Brain not as cramped as thought: study

The brain is not as compact as previously thought, say scientists who developed an innovative technique that rapidly freezes the brain, preserving its true structure.
To study the fine structure of the brain, including its connections between neurons, the synapses, scientists must use electron microscopes.
However, the tissue must first be fixed to prepare it for this high magnification imaging method.
This process causes the brain to shrink; as a result, microscope images can be distorted, eg showing neurons to be much closer than they actually are.
Scientists at the Swiss Federal Institute of Technology Lausanne (EPFL) have now solved the problem by using a technique that rapidly freezes the brain, preserving its true structure.

Typically, the brain is fixed with stabilising agents, such as aldehydes, and then encased, or embedded, in a resin.

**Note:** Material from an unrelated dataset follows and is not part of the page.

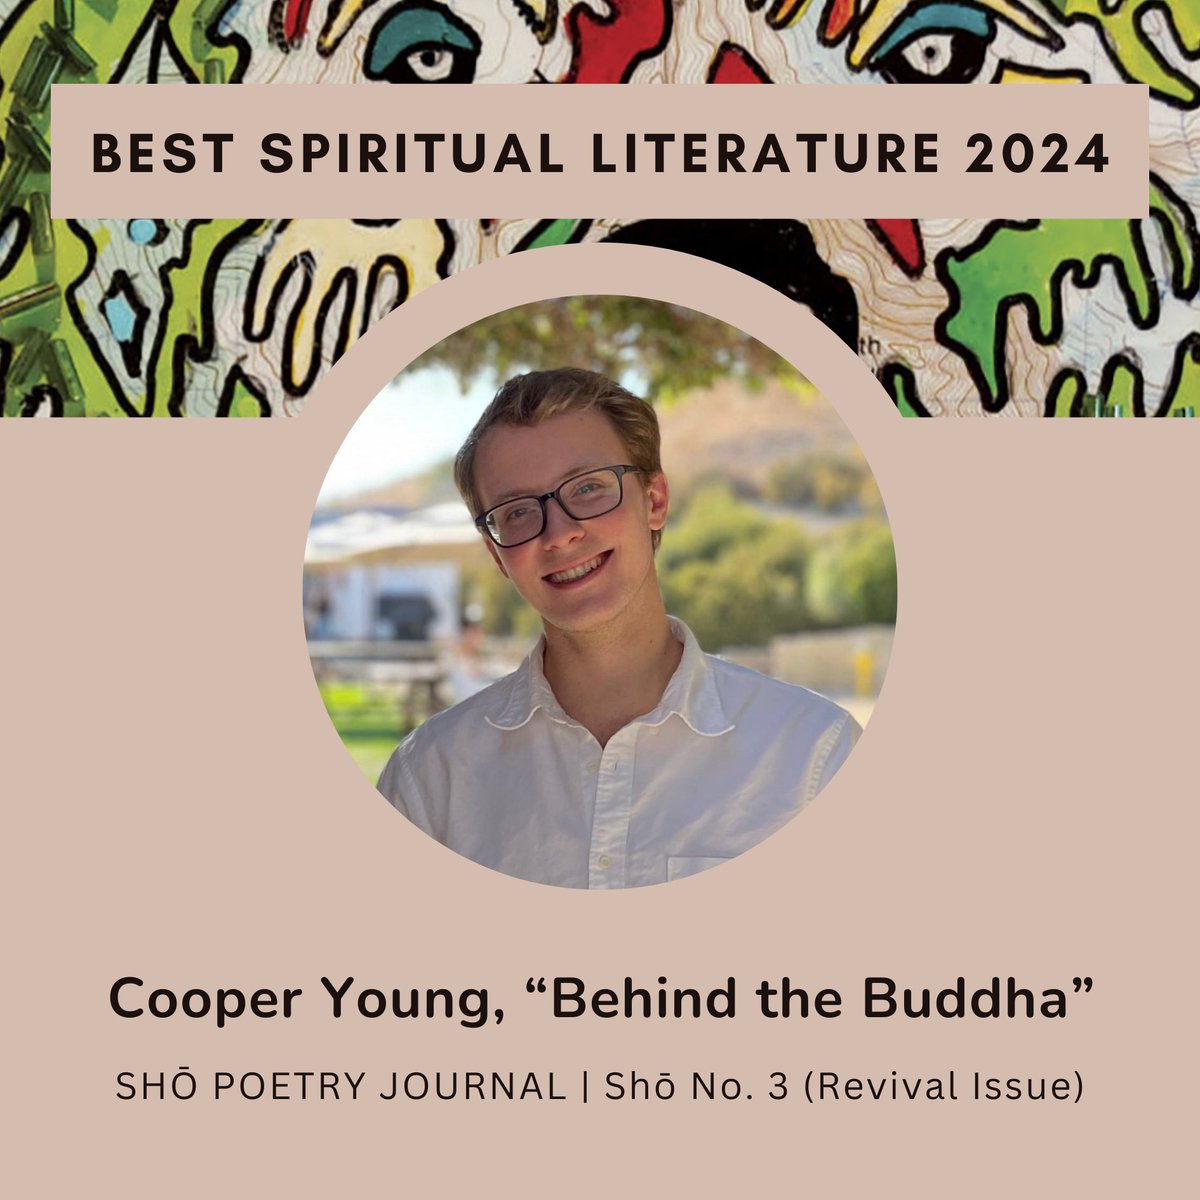 We are thrilled to announce that Cooper Young’s poem “Behind the Buddha,” which first appeared in our revival issue, has been chosen for the 2024 Best Spiritual Literature anthology (Vol. 9, @orisonbooks). Congratulations, Cooper! 👏

However, it has been known since the mid-sixties that this preparation process causes the brain to shrink by at least 30 per cent.
This in turn, distorts our understanding of the brain's anatomy, eg the actual proximity of neurons, the structures of blood vessels etc.
A study by Graham Knott at EPFL and led by Natalya Korogod has successfully used an innovative method, called "cryofixation", to prevent brain shrinkage during the preparation for electron microscopy.
The method uses jets of liquid nitrogen to "snap-freeze" brain tissue down to minus 90 degrees Celsius, within milliseconds. The brain tissue here was mouse cerebral cortex.

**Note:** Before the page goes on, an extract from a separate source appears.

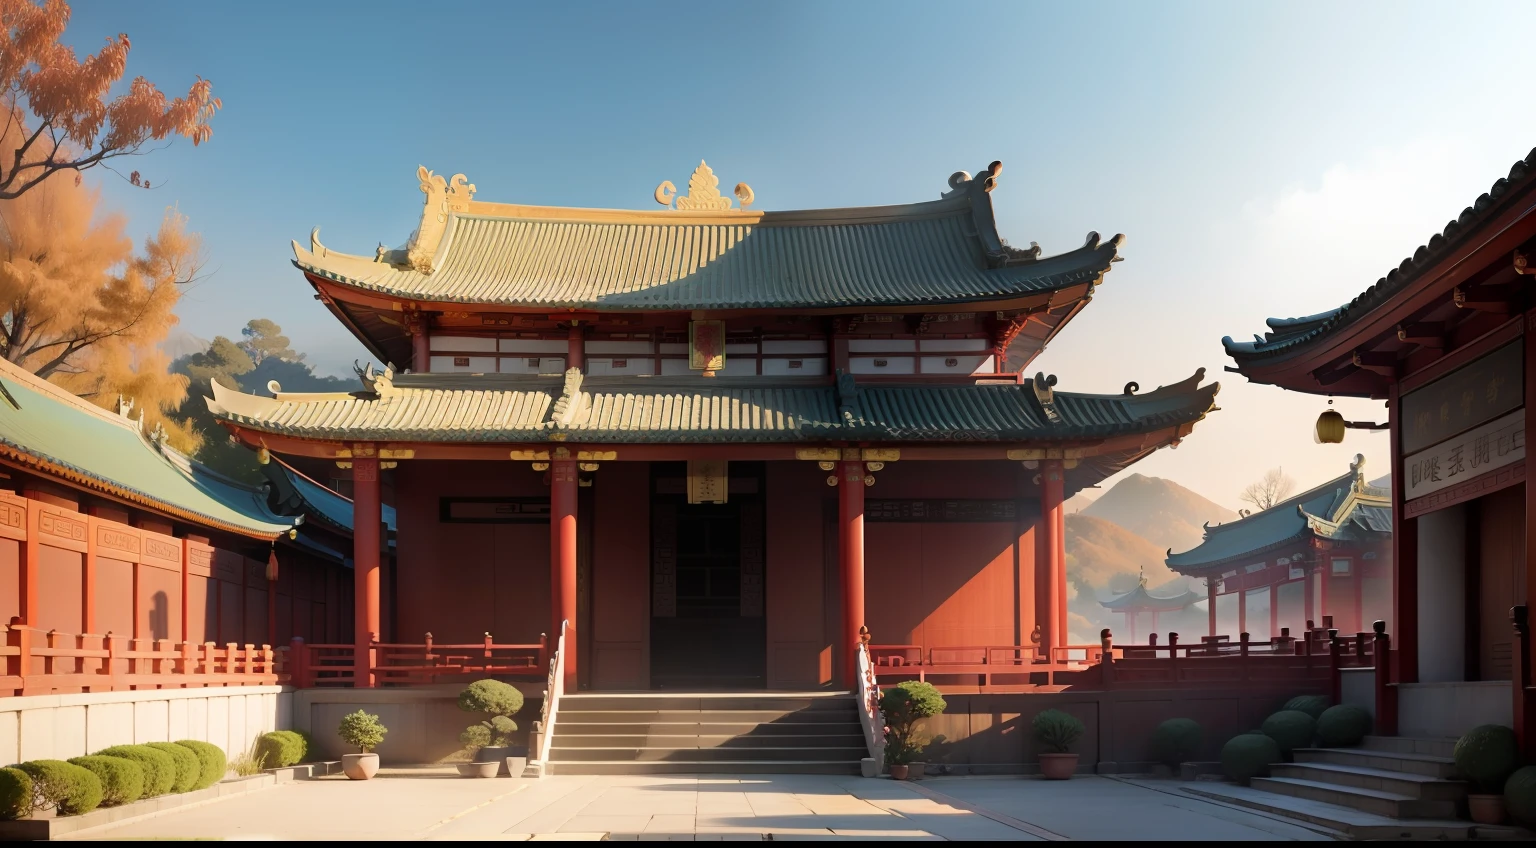 Chinese temple

The rapid freezing method is able to prevent the water in the tissue from forming crystals, as it would do in a regular freezer, by also applying very high pressures.
Water crystals can severely damage the tissue by rupturing its cells. But in this high pressure freezing method, the water turns into a kind of glass, preserving the original structures and architecture of the tissue.
The next step is to embed the frozen tissue in resin. This requires removing the glass-water and replacing it first with acetone, which is still a liquid at the low temperatures of cryofixation, and then, over a period of days, with resin; allowing it to slowly and gently push out the glassified water from the brain.

After the brain was cryofixed and embedded, it was observed and photographed in using 3D electron microscopy.
The researchers then compared the cryofixed brain images to those taken from a brain fixed with an "only chemical" method.
The analysis showed that the chemically fixed brain was much smaller in volume, showing a significant loss of extracellular space - the space around neurons.
In addition, supporting brain cells called "astrocytes", seemed to be less connected with neurons and even blood vessels in the brain, researchers said.
The research was published in the journal eLife.